My new year's resolution last year was to make some progress on figuring out what I want to do with my life, prompted by the realisation that I was about to qualify for long service leave in the job I took temporarily after university until I decided out what I really wanted to do.
I've achieved it, kind of. I still don't really know what I want to do with my life, but I do know where I want to be in two years from now, which is more than I've managed before. Conveniently, it's geographically the same place I am now, but at least I have a positive reason for wanting to be here instead of just drifting along in the direction I was already going. And the nature of the reason is suggestive of what I might want from life, so there's room for further development there.
I don't have a formal resolution this year, just an intention to keep on with last year's, with a side order of getting back on the wagons I've fallen off with respect to morning-ness and exercise and suchlike.
2. Boy, it's hot.
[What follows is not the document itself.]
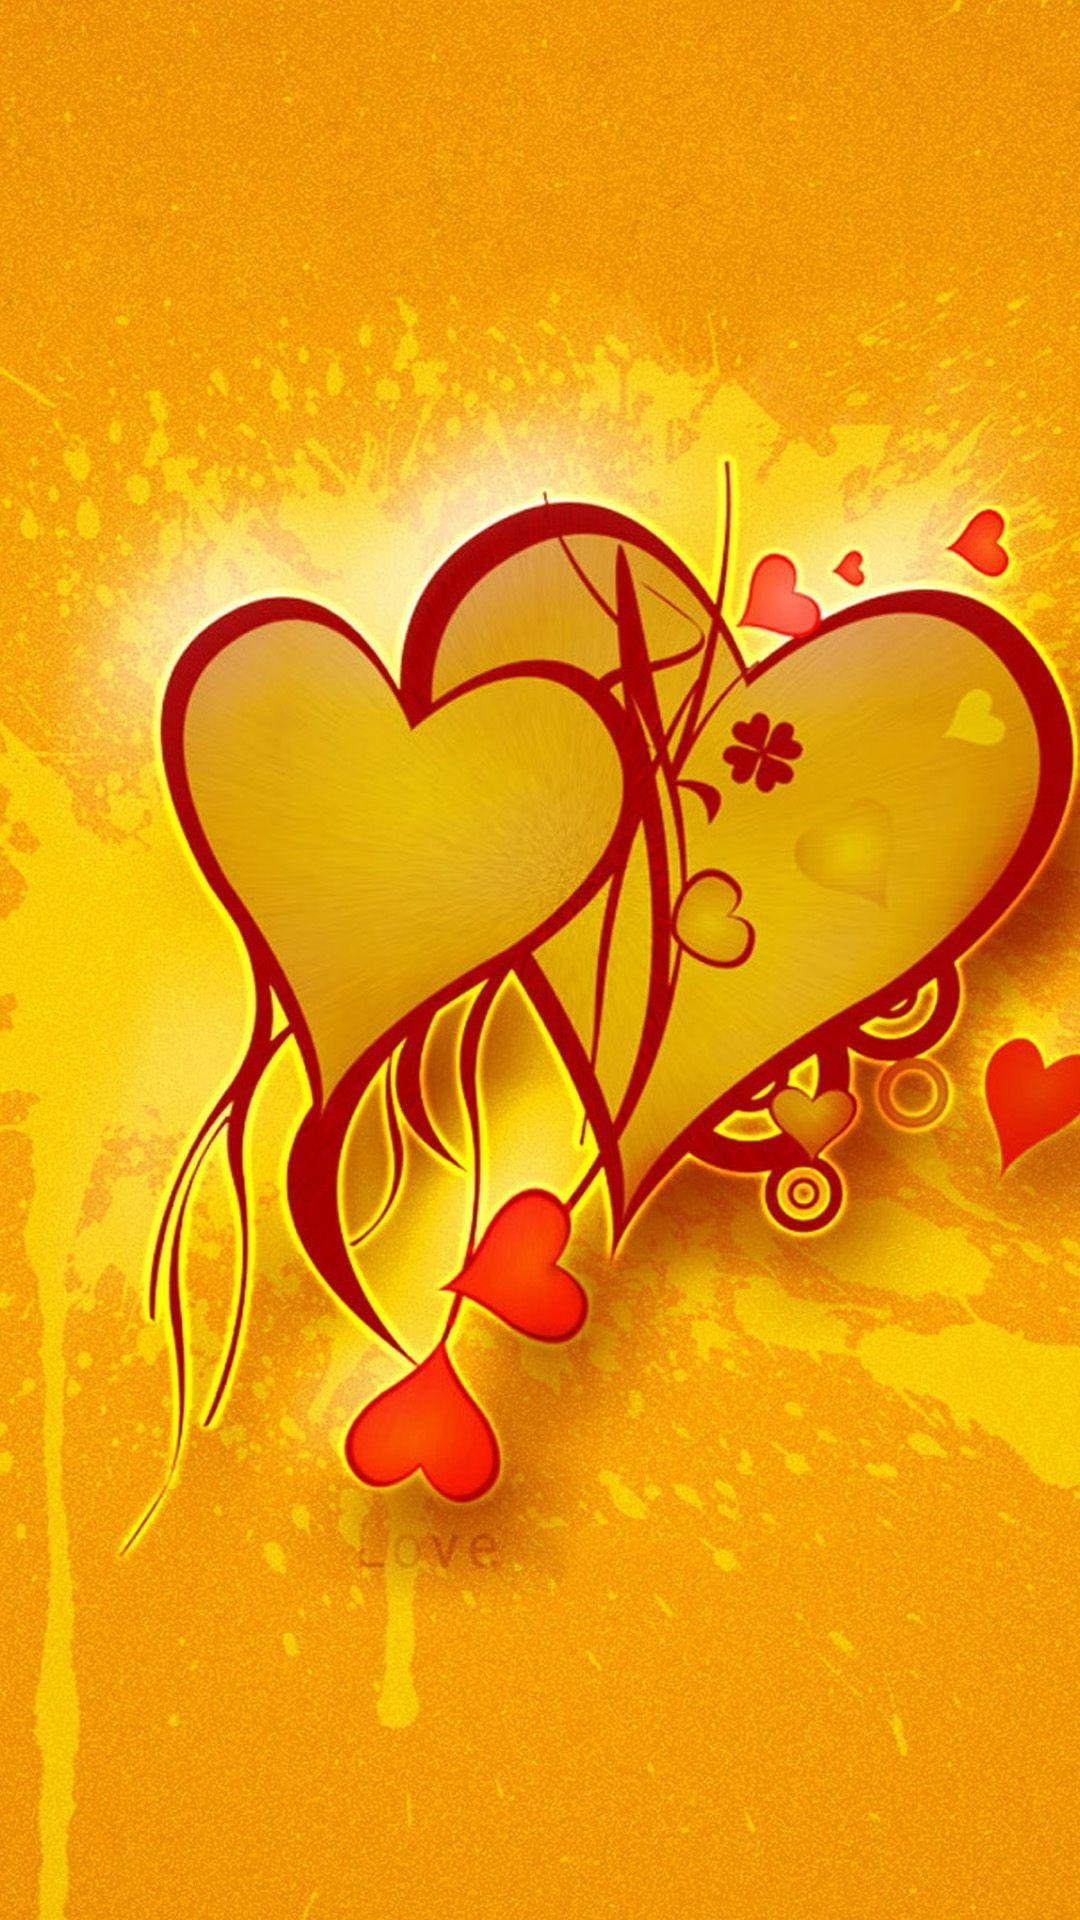 Download Orange Heart Love RoyaltyFree Stock Illustration Image  Pixabay
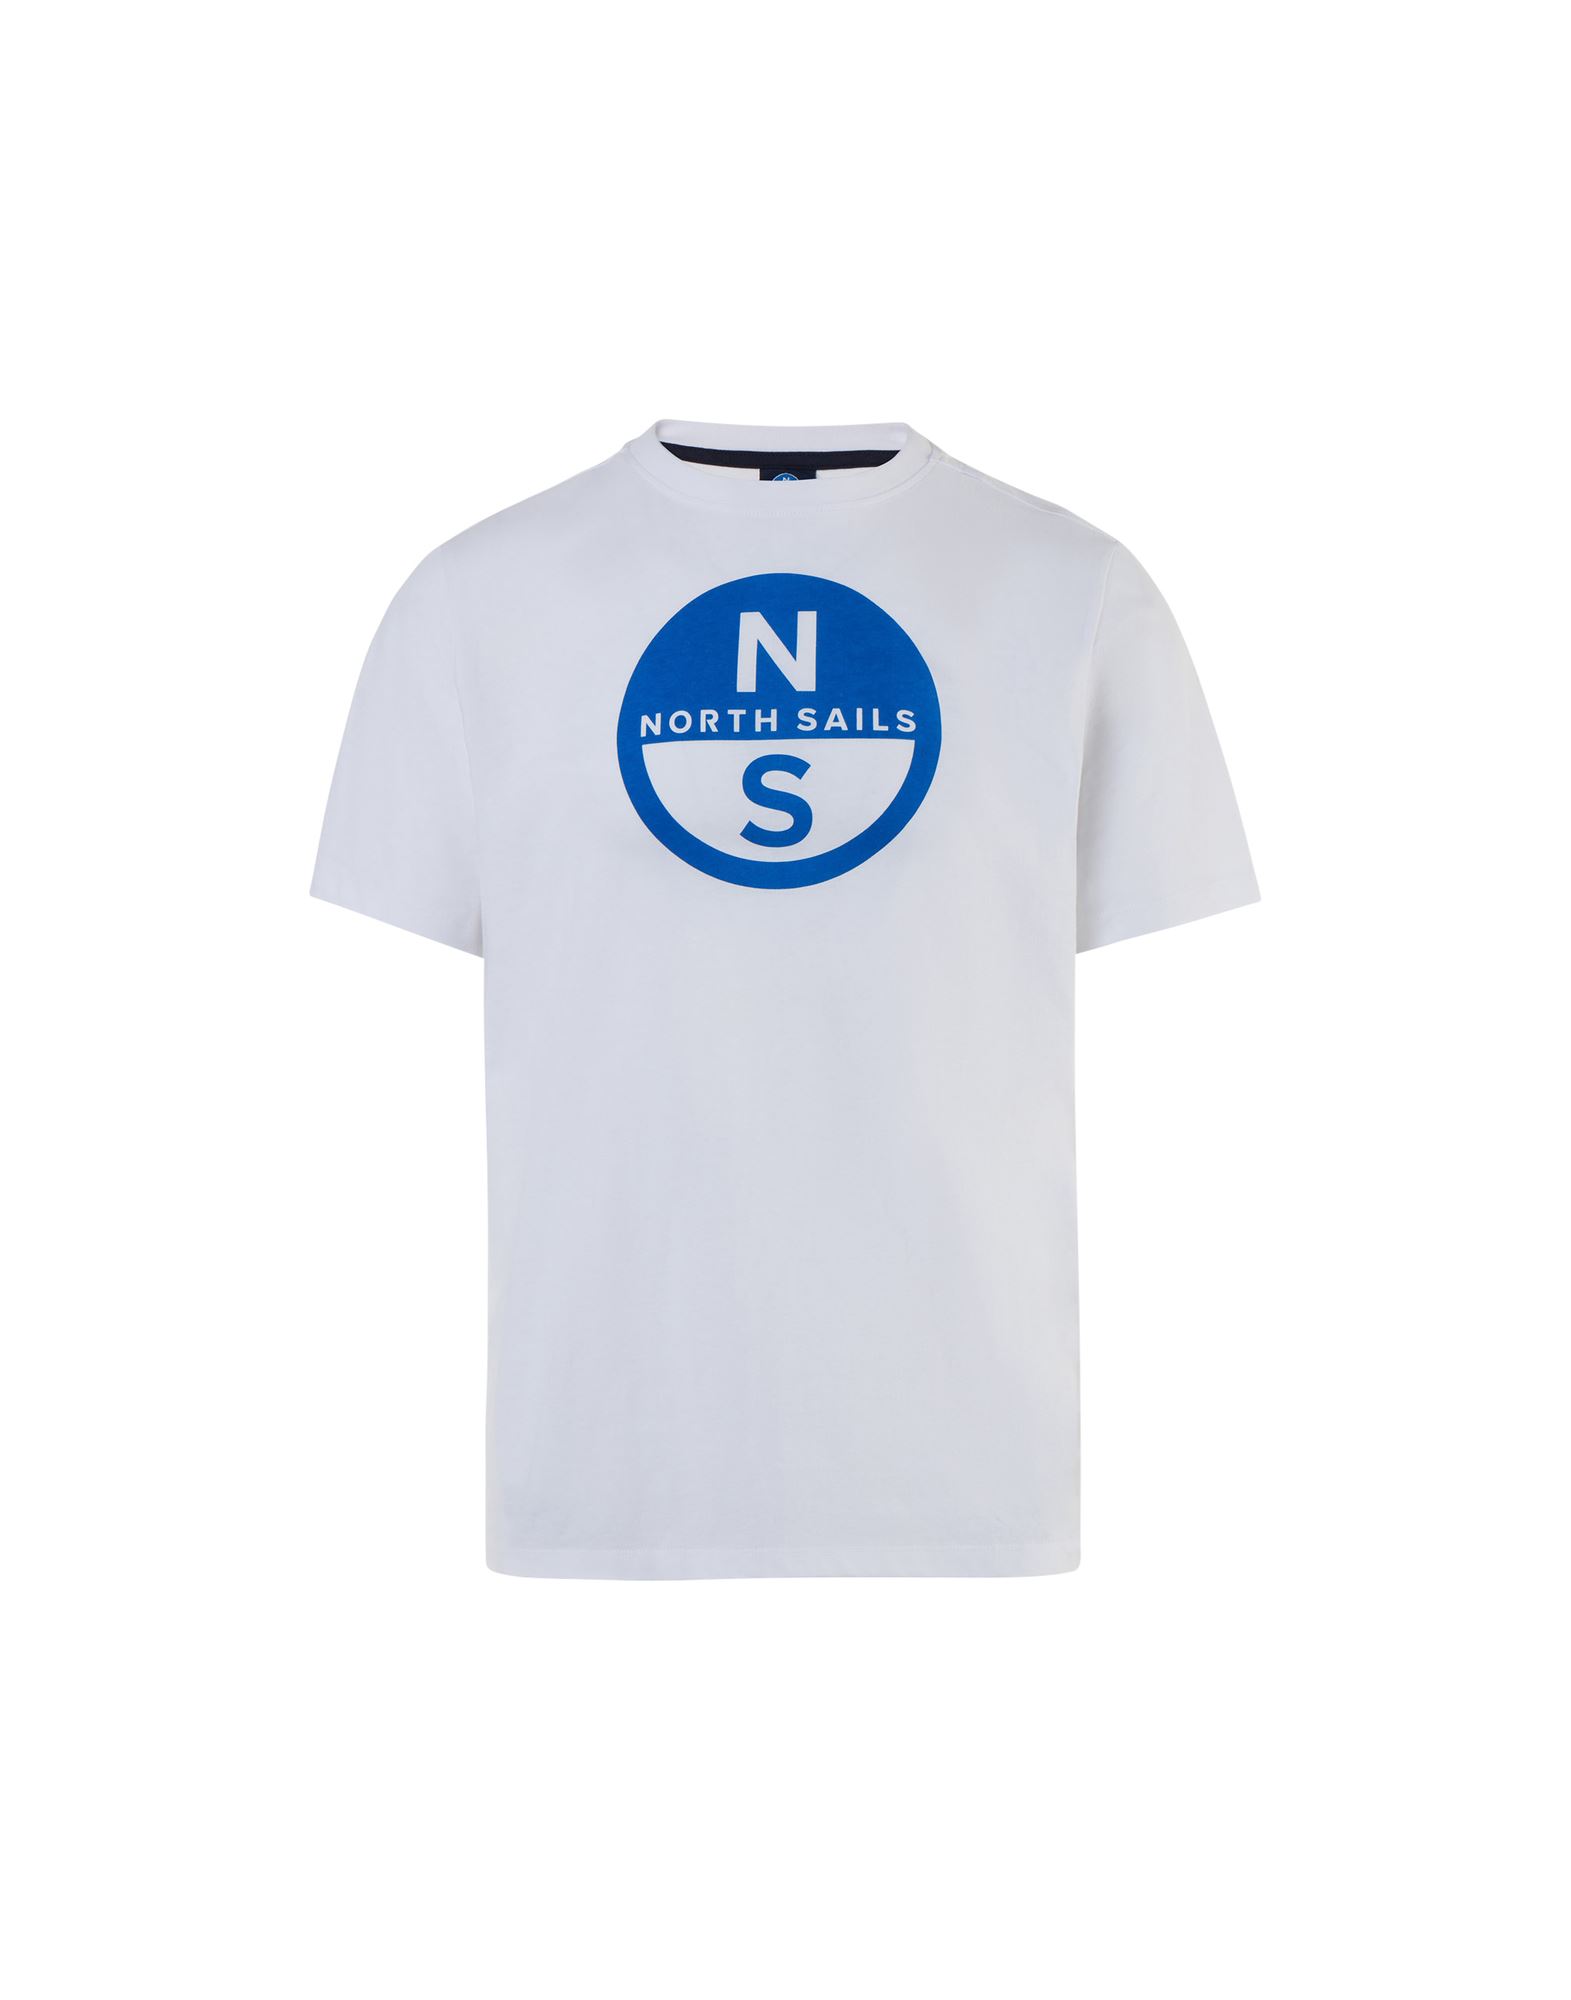 NORTH SAILS T-shirts Herren Weiß von NORTH SAILS

I've been spending large portions of the day inside, with the blinds drawn against the nuclear-powered fury of the sun, reading Yuletide fics and playing online games.
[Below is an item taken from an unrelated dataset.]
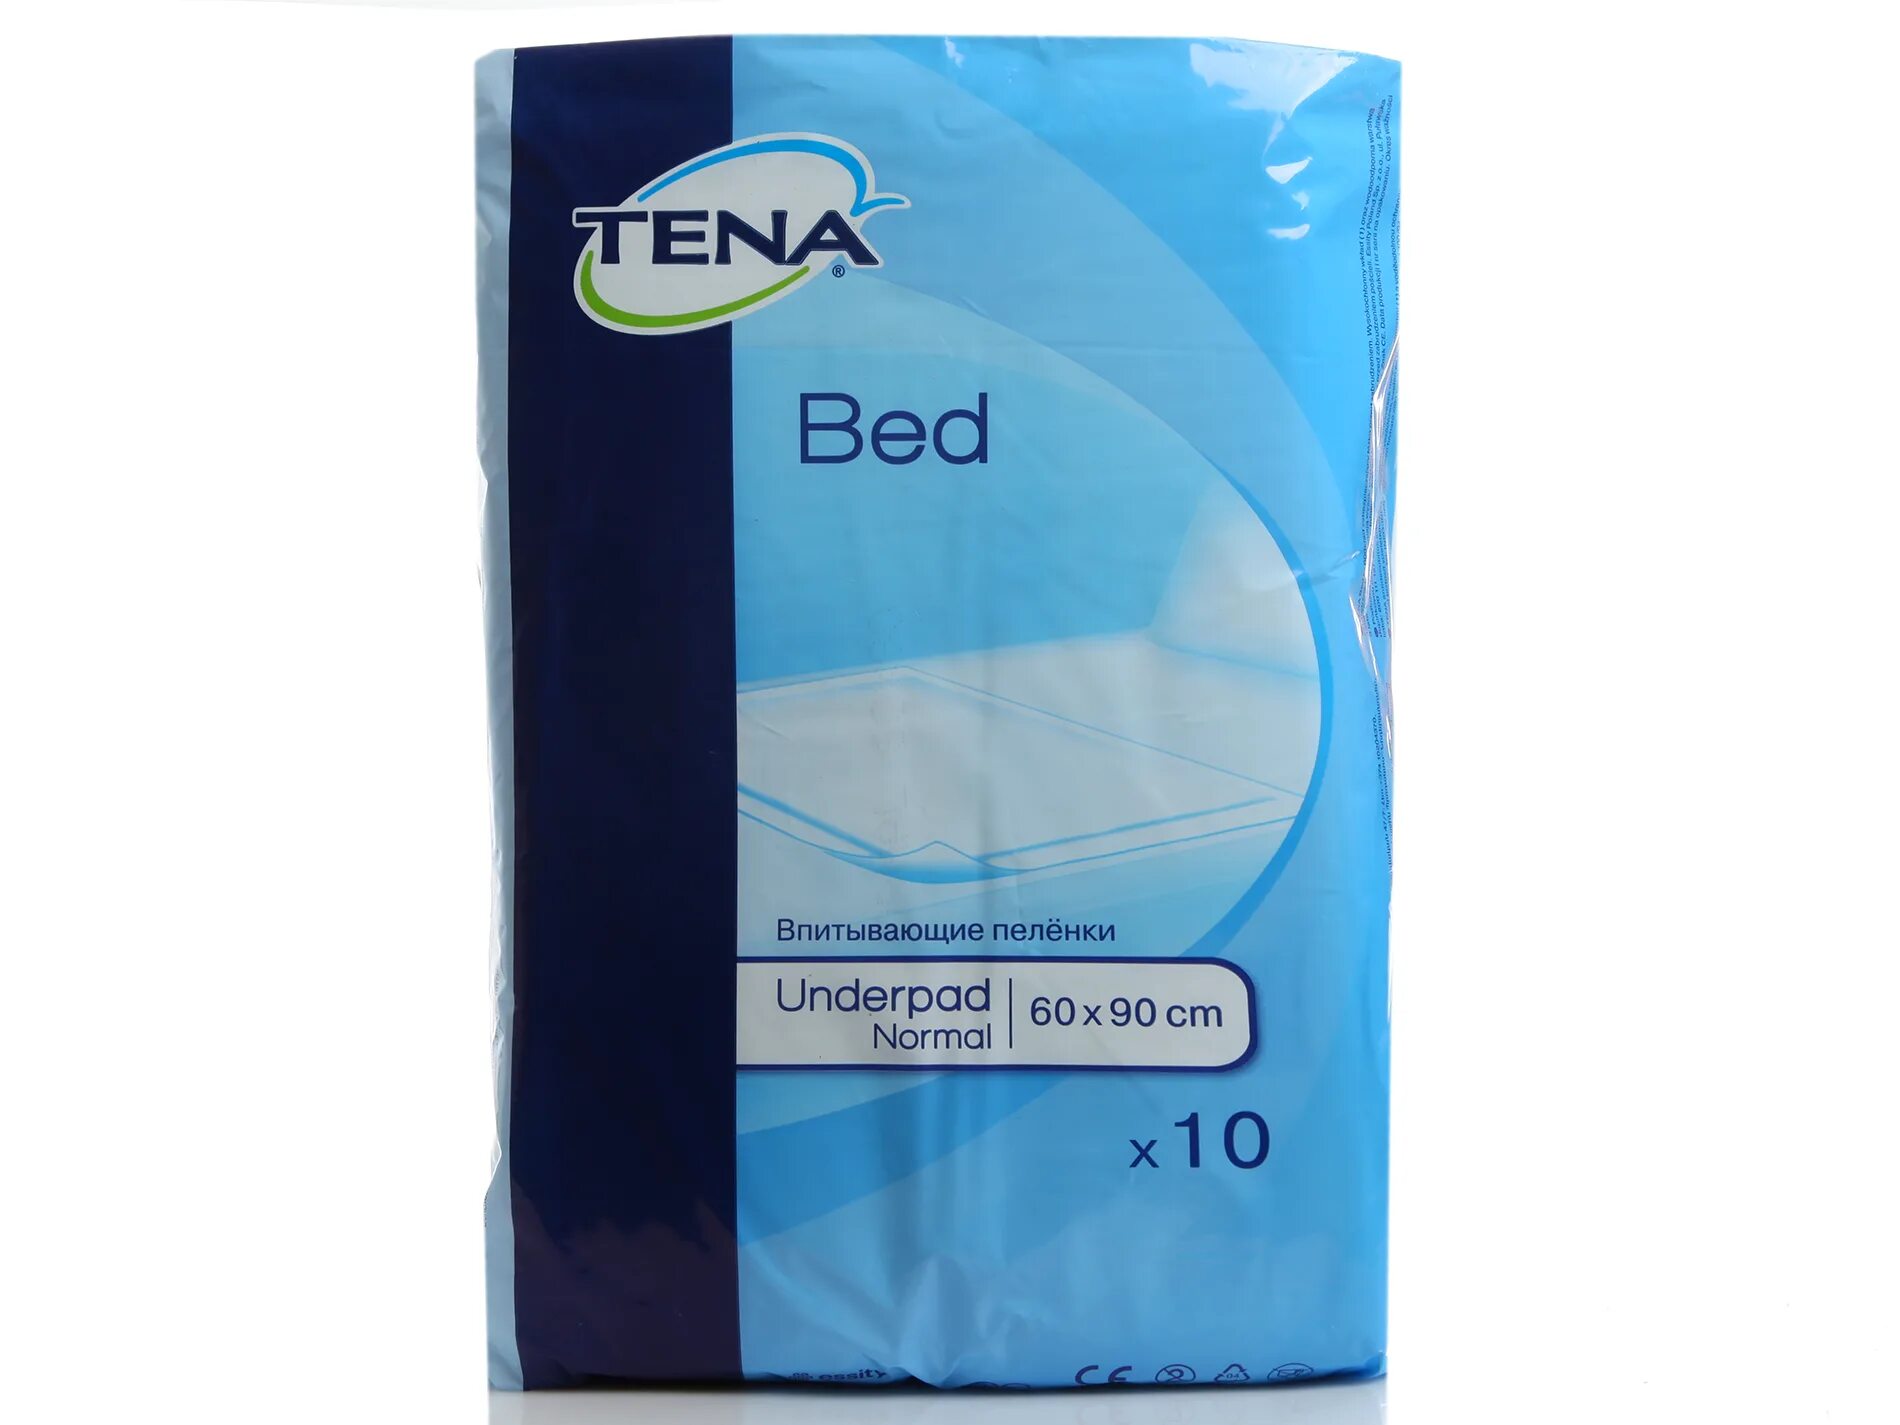 Одноразовые пеленки для лежачих больных цена впитывающие. Tena Bed Underpad normal 60 90. Пеленки для лежачих больных 60х90 Seni. Простыни сени 60х60 30. Пелёнки одноразовые 60х90 для лежачих больных.

3. Speaking of Yuletide, author's names have now been revealed, resulting in the discovery that two of the fics that particularly impressed me this year were both written by the same author, RecessiveJean, who furthermore has written two
more fics as well, for a total of
four excellent fics, in six fandoms. (Captain America, The Enchanted Forest Chronicles, Jurassic Park, Narnia, The Rocketeer, The Scarlet Pimpernel. So yes, that means at least one superficially-unworkable crossover.)
T-Rex was in Kentucky, although he didn’t know it. He hadn’t brought a map, and if he had, he probably would have tried to eat it by now, anyway.4. Speaking of online games, I've reached the final story arc in
Doctor Who: Worlds in Time. The Doctor has traced the source of the time disturbances back to the planet Skaro - which, as he points out, is a disturbance in itself, since Skaro is supposed to be utterly destroyed.
The new iDaleks look even less threatening as two-dimensional cartoons than they did in "Victory of the Daleks", incidentally.
5.
Lady Spy, Gentleman Explorer: the life of Herbert Dyce Murphy sounded promising, but I had to give up on it before the end of the fourth chapter.
The first strike against the book is that it's a work of non-fiction written as if it were a novel, studded with details the author couldn't possibly have known about what the people involved did and thought on such-and-such an occasion. To be fair, some of these are marked as supposition, but that just draws attention to the places where the author did the same thing without marking it. And it prompts one to consider whether the supposition adds anything to the account, to which my answer was generally negative.
The third strike is that on top of being written like a novel, it's such a
twee novel. It's all very comfortable and superficial; despite supposedly being real people, they've got (or at least are granted by the author) less depth and complication than many fictional characters I've known. The point where I gave up was when I realised that the author had somehow managed to make the story of a man who lived as a woman in Victorian England
dull.
So much for the style. Are the underlying facts any good? Well...
The second strike was awarded to a ten-word parenthesis that single-handedly destroyed my faith in the author's fact-checking. The author reports that when Murphy was living in Oxford and preparing to enter the University, he was tutored by a man named Montgomery Bell, "said to be the original of Conan Doyle's Sherlock Holmes".